The Alabama Preterm Birth Study: Umbilical Cord Blood Ureaplasma urealyticum and Mycoplasma hominis Cultures in Very Preterm Newborns

Robert L GOLDENBERG 1, William W ANDREWS 2, Alice R GOEPFERT 2, Ona FAYE-PETERSEN 3, Suzanne P CLIVER 2, Waldemar A CARLO 4, John C HAUTH 2
PMCID: PMC2278008  NIHMSID: NIHMS37343  PMID: 18166302

Abstract

Objective

To evaluate the frequency of umbilical cord blood infections with Ureaplasma urealyticum and Mycoplasma hominis in preterm 23 to 32 week births and to determine their association with various obstetric conditions, markers of placental inflammation, and newborn outcomes.

Study Design

351 mother/infant dyads with deliveries between 23 and 32 weeks gestational age (GA) who had cord blood cultures for Ureaplasma urealyticum and Mycoplasma hominis had their medical records abstracted, other placental cultures performed, cord IL-6 levels determined, placentas evaluated histologically, and infant outcomes determined.

Results

Ureaplasma urealyticum and/or Mycoplasma hominis were present in 23% of cord blood cultures. Positive cultures were more common in infants of nonwhite women (27.9 vs 16.8%, p = 0.016), in women less than 20 years of age, in those undergoing a spontaneous compared to an indicated preterm delivery (34.7 vs 3.2%, p = 0.0001), and in those delivering at earlier gestational ages. Intrauterine infection and inflammation were more common among infants with a positive Ureaplasma urealyticum and Mycoplasma hominis culture as evidenced by placental cultures for these and other bacteria, elevated cord blood IL-6 levels, and placental histology. Infants with positive cord blood Ureaplasma urealyticum and Mycoplasma hominis cultures were more likely to have neonatal SIRS (41.3 vs 25.7%, p = 0.007, AOR 1.86, 1.08 – 3.21) and probably BPD (26.8 vs 10.1%, p = 0.0001, AOR 1.99, 0.91 – 4.37), but were not significantly different for other neonatal outcomes including RDS, IVH or death.

Conclusion

Ureaplasma urealyticum and Mycoplasma hominis cord blood infections are far more common in spontaneous versus indicated preterm deliveries and are strongly associated with markers of acute placental inflammation. Positive cultures are associated with neonatal systemic inflammatory response syndrome and probably bronchopulmonary dysplasia.

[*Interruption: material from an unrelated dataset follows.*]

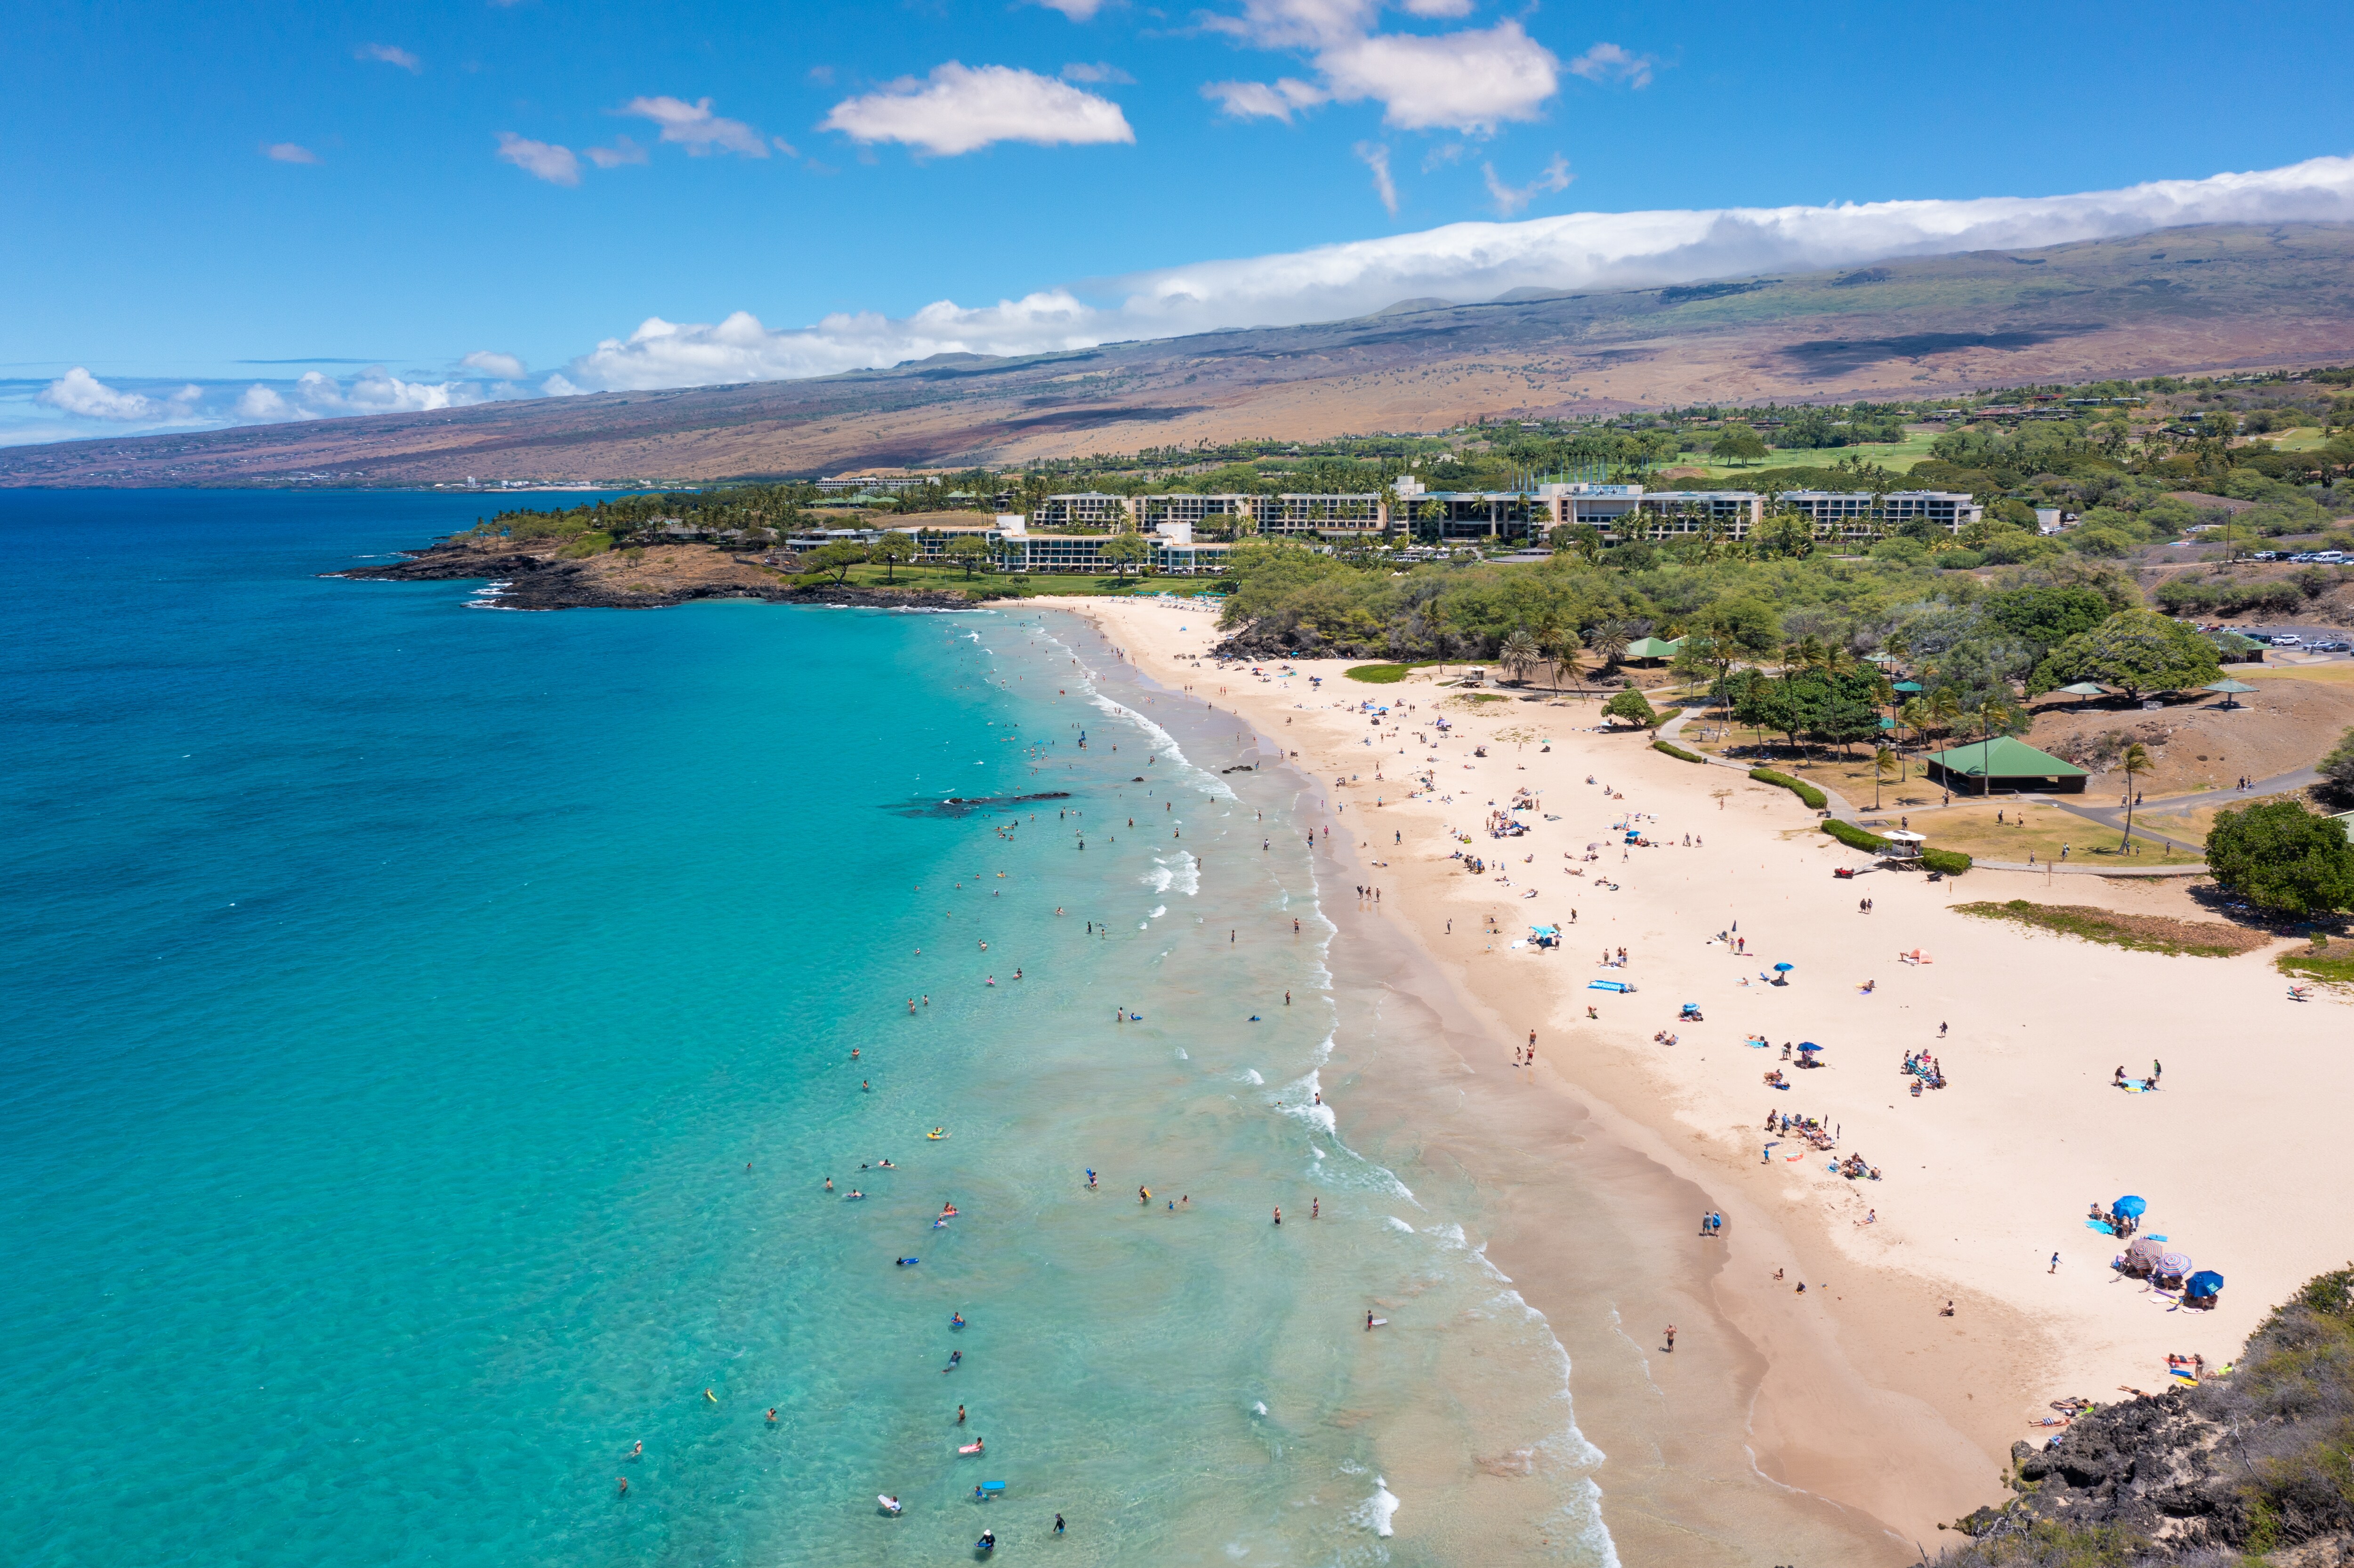 Minutes away from Hapuna Beach - voted #1 beach in USA

Keywords: Ureaplasma urealyticum, Mycoplasma hominis, preterm birth, umbilical cord blood, placental histology, neonatal outcome, neonatal systemic inflammatory response syndrome, bronchopulmonary dysplasia

INTRODUCTION

Ureaplasma urealyticum and Mycoplasma hominis are among the organisms most frequently isolated from both placental membranes and amniotic fluid in women with histologic and clinical chorioamnionitis. 1-4 These organisms are commonly found within the uterus in association with spontaneous preterm labor and with preterm premature rupture of the fetal membranes (PPROM).2,5,6 The earlier the gestational age, the more likely these organisms are to be present in the amniotic fluid, the placenta or in the free membranes.5 In addition, the intrauterine presence of either organism has been associated with an increased production of a wide variety of cytokines, matrix metalloproteinases and prostaglandins, all believed to be in the causal pathway and/or precursors for spontaneous preterm labor and PPROM.7-9

In individual cases, fetal or neonatal infections with these mycoplasmas have been associated with a number of adverse outcomes including chronic lung disease, pneumonias, cerebral white matter lesions, cerebral palsy and death. 4,10,11 However, the proportion of preterm infants that have positive cord blood Ureaplasma urealyticum and Mycoplasma hominis cultures at birth is unknown, as are the associated risk factors or obstetric conditions, the placental histologic patterns, and the neonatal outcomes. In this study, we evaluated umbilical cord blood cultures for Ureaplasma urealyticum and Mycoplasma hominis in 351 infants delivered at 23-32 weeks gestational age (GA) and specifically compared the results with various maternal characteristics, obstetric diagnoses, placental histologic findings, cord blood IL-6 levels, and various newborn outcomes.

MATERIALS AND METHODS

The overall Alabama Preterm Birth Study, which included 457 consecutive singleton deliveries of infants born between 23 and 32 weeks from 1996 to 2001, has been described previously.12-17 Findings from this data set related to IL-6 levels,12 inflammatory placental lesions,13 male/female differences in placental inflammatory markers, 14 the use of corticosteroids in the face of placental inflammation,15 placental histolologic findings in recurrent preterm births,16 and the importance of the placental lesion - diffuse decidual leukocytoplastic necrosis17 - have all been evaluated. The study reported here specifically focuses on the subset of 351 women/infant pairs in this population who had umbilical cord blood cultures for Ureaplasma urealyticum and Mycoplasma hominis.

A maternal chart review was performed by a trained research nurse to gather demographic and obstetric characteristics such as maternal race, education, age and parity, smoking status, diabetes and preeclampsia, and whether the delivery was spontaneous or indicated. The diagnosis of preclampsia required a blood pressure of greater than 140/90 on at least one occasion and the presence of proteinuria (1+ or greater). Spontaneous preterm birth was defined as delivery after either spontaneous preterm labor or spontaneous preterm premature rupture of membranes (PPROM). Indicated preterm birth was defined as delivery effected for maternal or fetal indications.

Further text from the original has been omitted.